'60

904 144 69
                                    

"Je!"
"Nggak usah aneh aneh!"

"Sekali aja plissss."

"Aku bilang jangan ya berarti jangan Je."

"Sekali aja Om plisss."

Targa membuang nafasnya dengan gusar. Udah jam 10 malam ia di pusingkan dengan permintaan Jeci yang aneh, mana kedua Art nya udah pada pulang lagi, jadi nggak ada yang nenemin dia hadapin ke tantruman Istrinya.

Masa tiba-tiba Jeci mau loncat, ia sih permintaan yang wajar. Tapi disini Istrinya lagi hamil besar!!!! Usia kandungan Jeci sudah masuk 9 bulan 2 minggu lebih.

"Nggak usah aneh aneh sayang."
"Sekarang kamu Istirahat dulu, aku bikinin susu, terus kita tidur."

"Ihh Om mah!! dedeknya yang minta ini tauuu!!" Gerutu Jeci sambil menghentakkan kakinya.

"Eh kakinya!" Tegur Targa.

Jeci duduk dikasur dengan ekpresi wajah yang cemberut. "Kemarin aku mau lari larian, nggak dibolehin juga. Sekarang aku mau loncat sekaliiiii ajaaaaa nggak dibolehin juga. Ngeselin banget sih!!! Ini kan dedeknya yang mintaa!!"

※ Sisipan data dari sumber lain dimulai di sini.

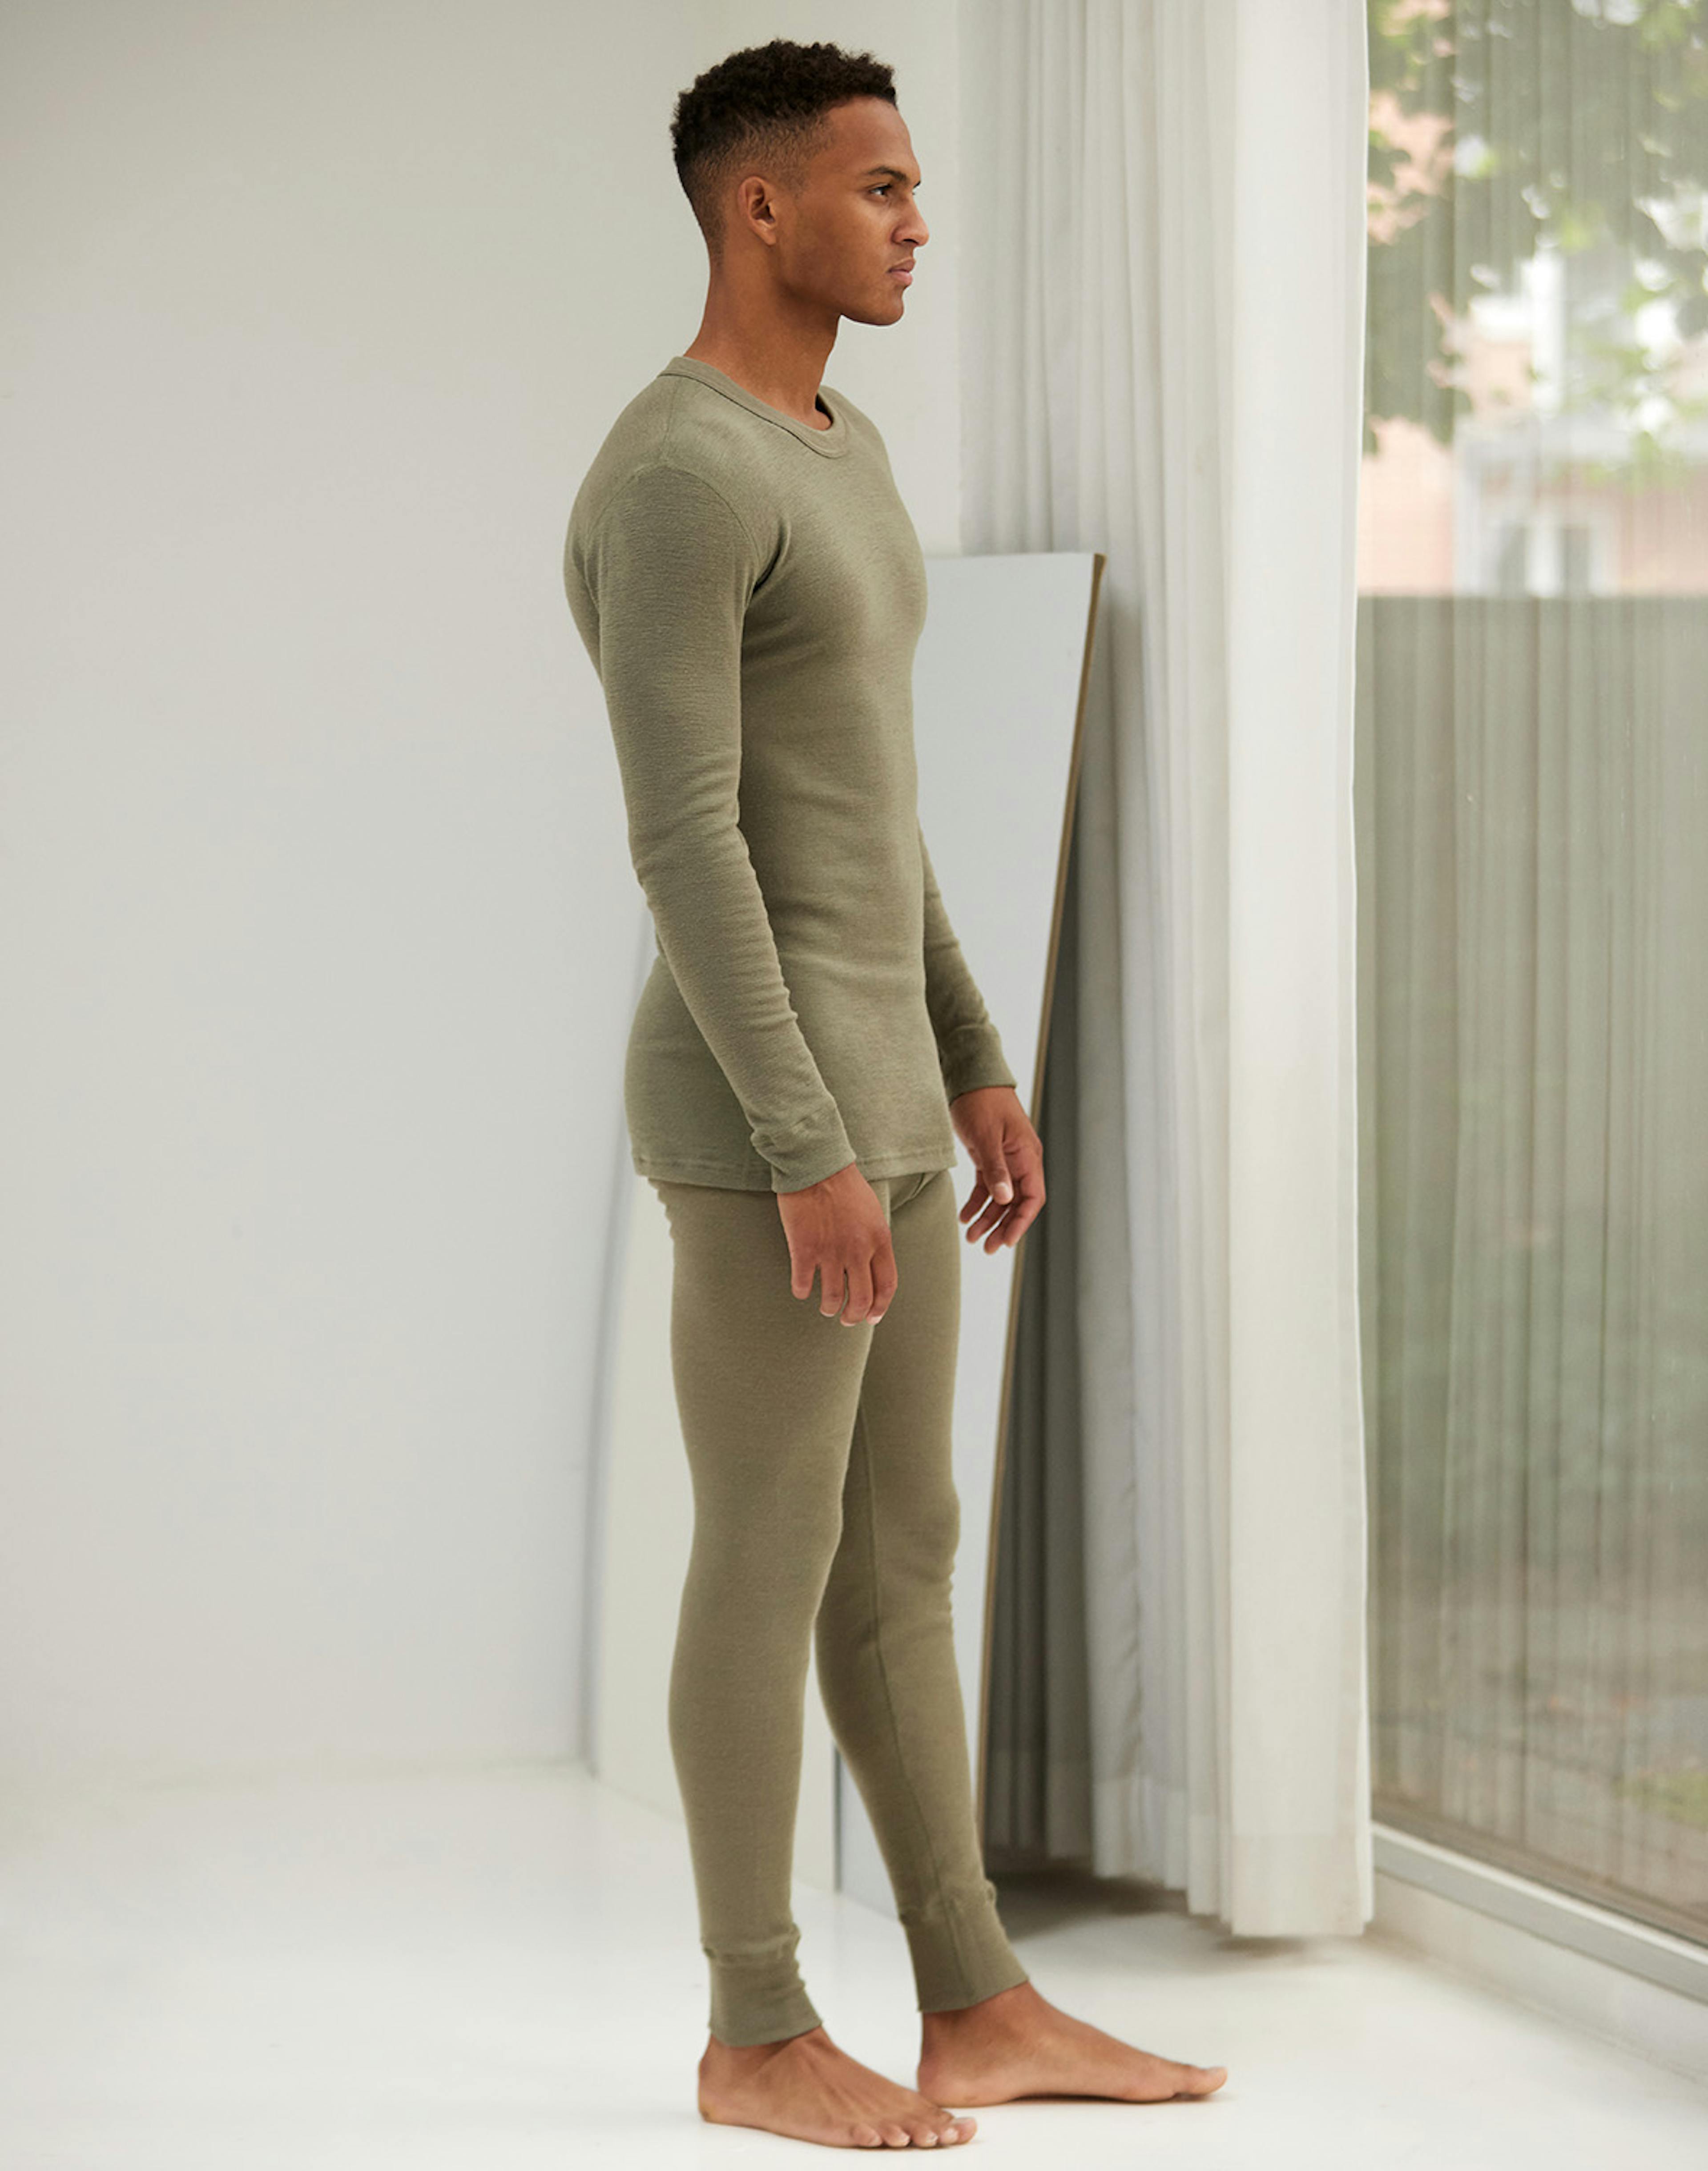 Merino wool leggings for men - Dilling

Targa mendekati Istrinya, ia duduk di samping Jeci yang lagi melipat tangannya di dada.

"Aku tau itu kemauan kamu sendiri. Coba jujur sama aku, kenapa tiba-tiba kamu pengen loncat?"

"Loncat kecil aja Om!!"

"Tetap aja nggak boleh Jeci. Loncat kecil kah, loncat sedang kah, loncat besar kah, tetap nggak aku bolehin."

"Coba jawab itu pertanyaan aku."

Bibir Jeci mengerucut. "Kata Reja melahirkan sakit banget Om. Satu dedek aja sakit katanya, apalagi 2 dedek, aku takut Om. Makanya aku pengen loncat biar dedeknya langsung keluar gitu."

Targa mengusap wajahnya kasar, sungguh ia tak bisa berkata-kata lagi. "Sayang, Reja aja cowok, belum nikah lagi. Gimana dia tau kalo melahirkan itu sakit?"

Targa mengusap lembut punggung tangan Istrinya. "Lagian belum tentu pas kamu loncat dedeknya langsung keluar gitu aja. Yang aku takutin, kalo calon anak kita hilang kaya dulu lagi, kamu nggak mau kan kaya gitu?"

Jeci menggeleng pelan yang berarti ia nggak mau kejadian dulu terulang kembali.

"Pinter." Dengan lembut, Targa usap rambut Istrinya. "Sekarang kamu baring dulu ya, aku bikinin susu bentar, terus kita tidur."

Targa membantu Istrinya untuk berbaring.

Bikinin susu untuk Jeci nggak perlu pergi ke dapur. Targa sengaja menyuruh Art nya untuk menaruh bubuk susu ibu hamil, gelas khusus Jeci dan air panas di dalam kamar. Soalnya Targa nggak mau kalo dia lengah sedikit aja, Jeci malah ngelakuin hal yang di luar nalar.

Semenjak hamil, pikiran Jeci itu selalu di luar nalar. Dia pengen mencoba hal yang antimainstream. Makanya Targa nggak boleh ngebiarin Jeci sendirian. Kalo semuanya ada di dalam kamar kan dia enak bisa mantau Istrinya langsung.

"Nih susunya." Targa membantu Jeci untuk bersandar di sandaran kasur, agar Istrinya bisa nyaman minum susunya.

Setelah selesai meminumnya sampai habis, Targa menaruh gelasnya di atas meja.

"Om beneran nggak sakit kan pas keluarnya?" Tanya Jeci sambil menggenggam tangan Targa.

Bukannya menjawab, Targa malah melontarkan pertanyaan balik ke Jeci. "Kamu sayang nggak sama dedeknya?"

"Sayanglah."

"Kalo sayang, pasti rasa sakitnya itu bakal terganti dengan rasa sayang yang selama 9 bulan ini kita menunggu kehadiran anak kita."